Last month, Pacific Telesis invested $21 million as the successful bidder for the FCC’s “basic trading area” licenses for the markets its microwave cable companies serve in Washington, Florida and California.

The licenses will dramatically expand those companies’ service areas. VTV’s current license gives it exclusive rights to the microwave distribution technology in a 35-mile radius of its Tower Mountain transmitter. When the new license goes into effect, that exclusive service area will expand to include Spokane, Pend Oreille, Stevens, Ferry, Lincoln Adams and Whitman Counties in Washington; all of North Idaho and most of Western Montana.

The second factor has to do with technological advancements.

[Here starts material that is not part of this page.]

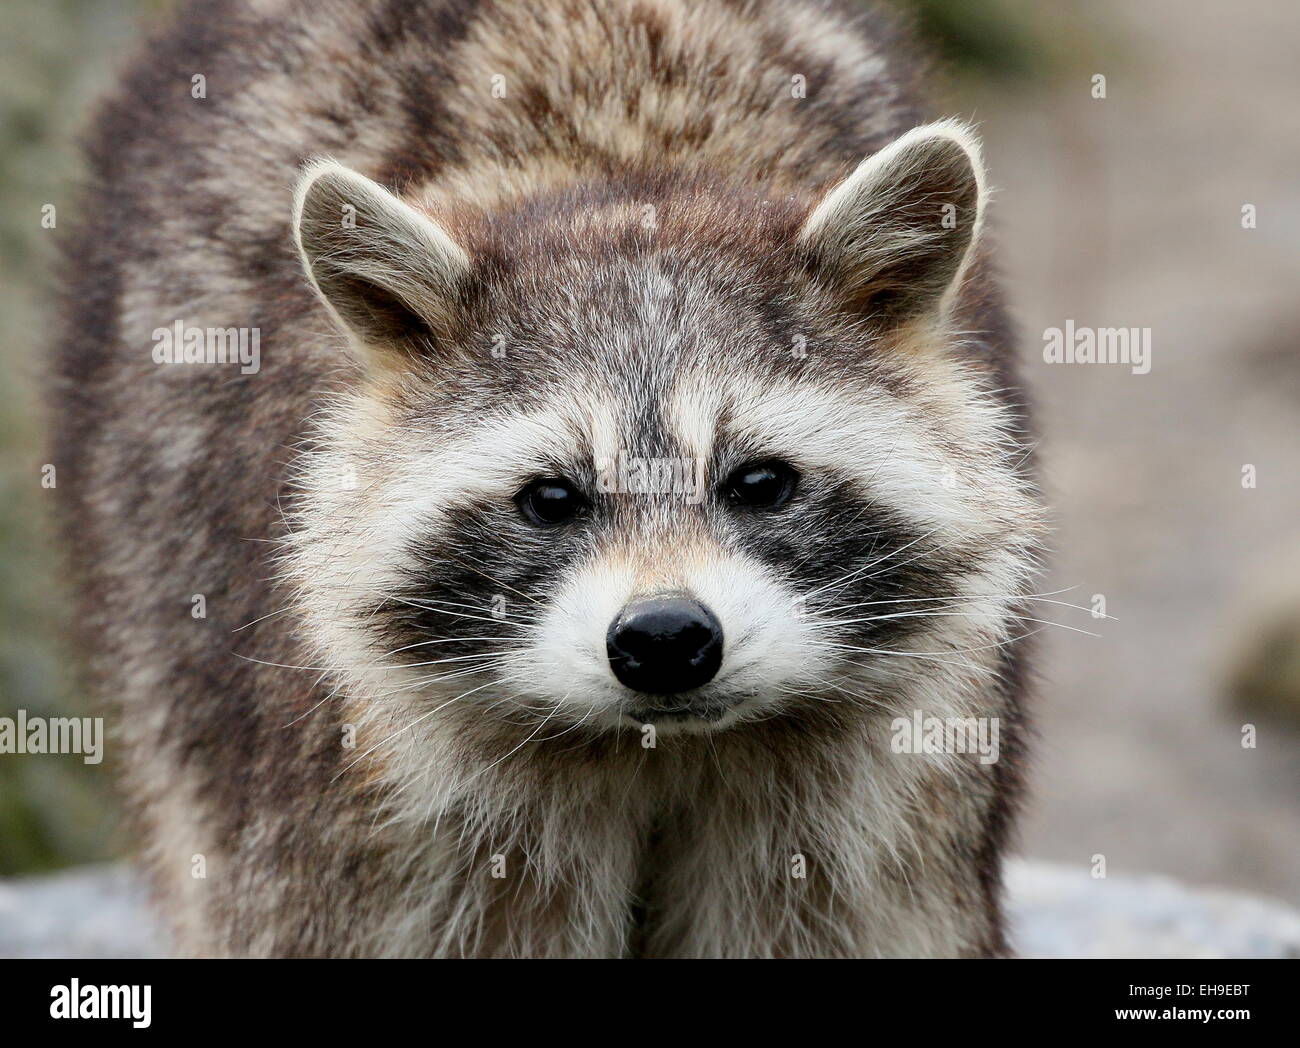 North American or  northern raccoon ( Procyon lotor) close-up of the head, facing camera Stock Photo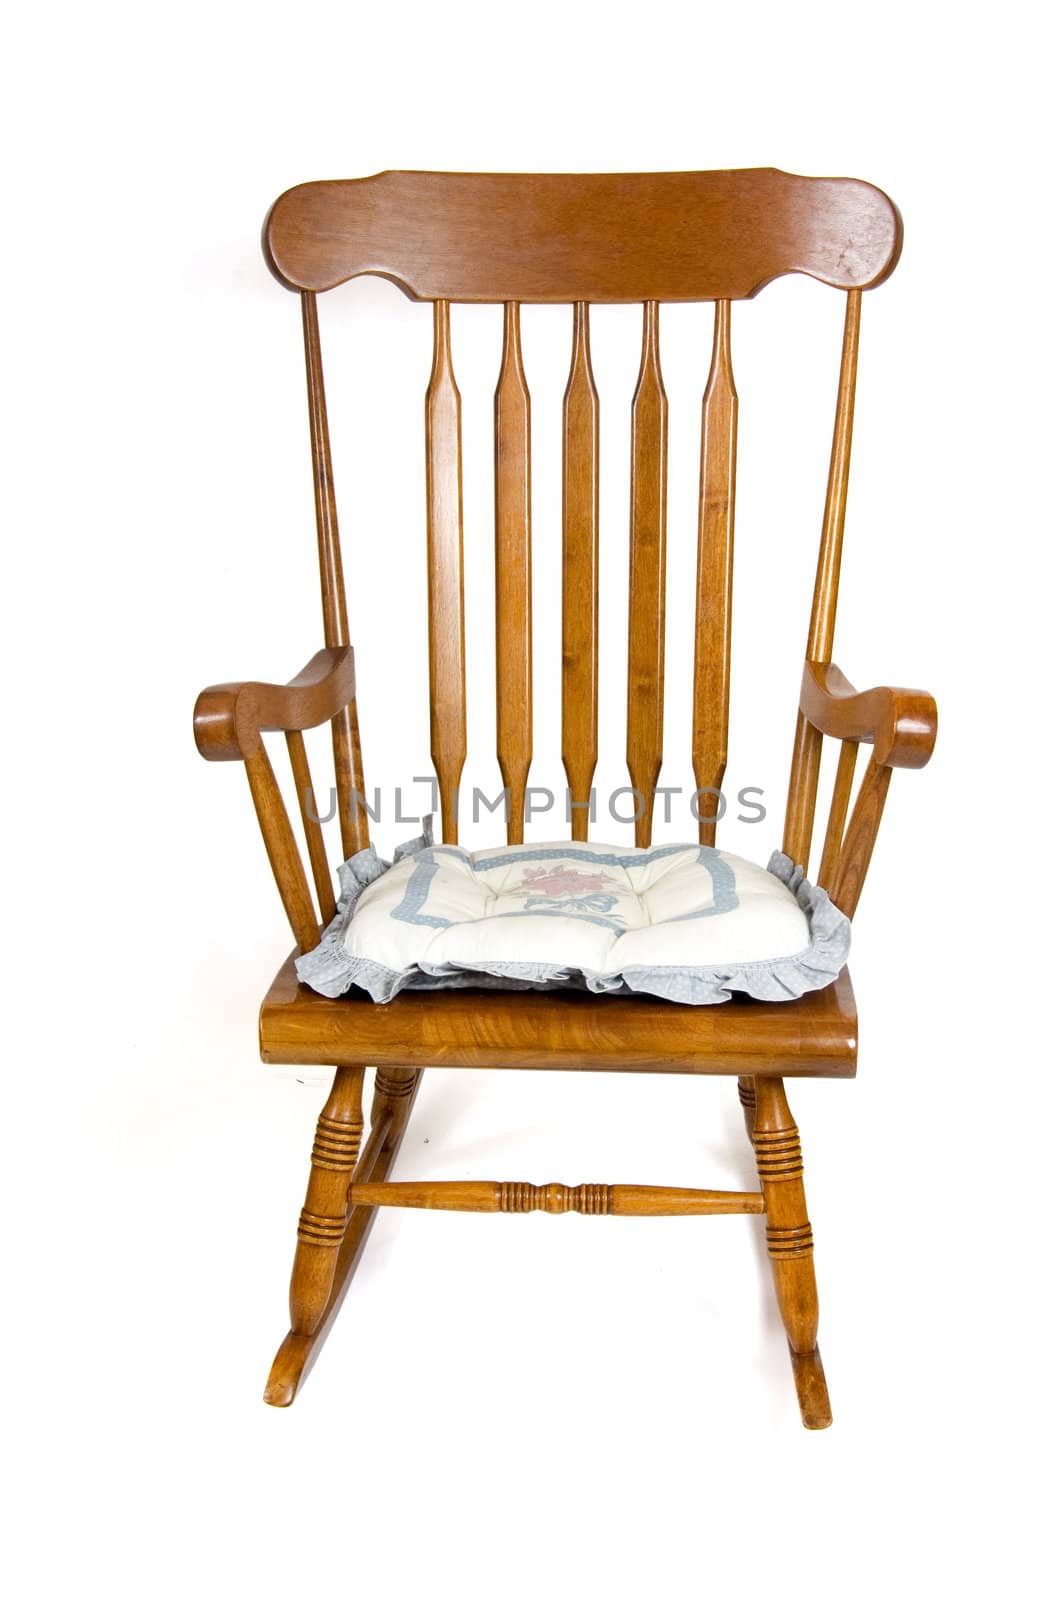 brown rocking chair isolated on white by ladyminnie

Under current technology, VTV is limited to transmitting on 31 frequencies. “But as soon as we change from analogue to digital technology,” says Erica Buschhorn, VTV’s marketing coordinator, “we’ll be able to offer as many or more channels as our competitors.”

“The wireless industry has tremendous growth potential,” Wukich says, “and I expect us to be competing head on, customer-for-customer, with the wired systems within five years.”

Currently, VTV has about 8,300 subscribers, or about 4.5 percent of the market share in it 35-mile service radius. A significant opportunity to capture some of the traditional cable market will occur later this year when Cox leaves the market in a service area swap with TeleCommunications Inc.

“It’s a tremendous opportunity for us,” Wukich says.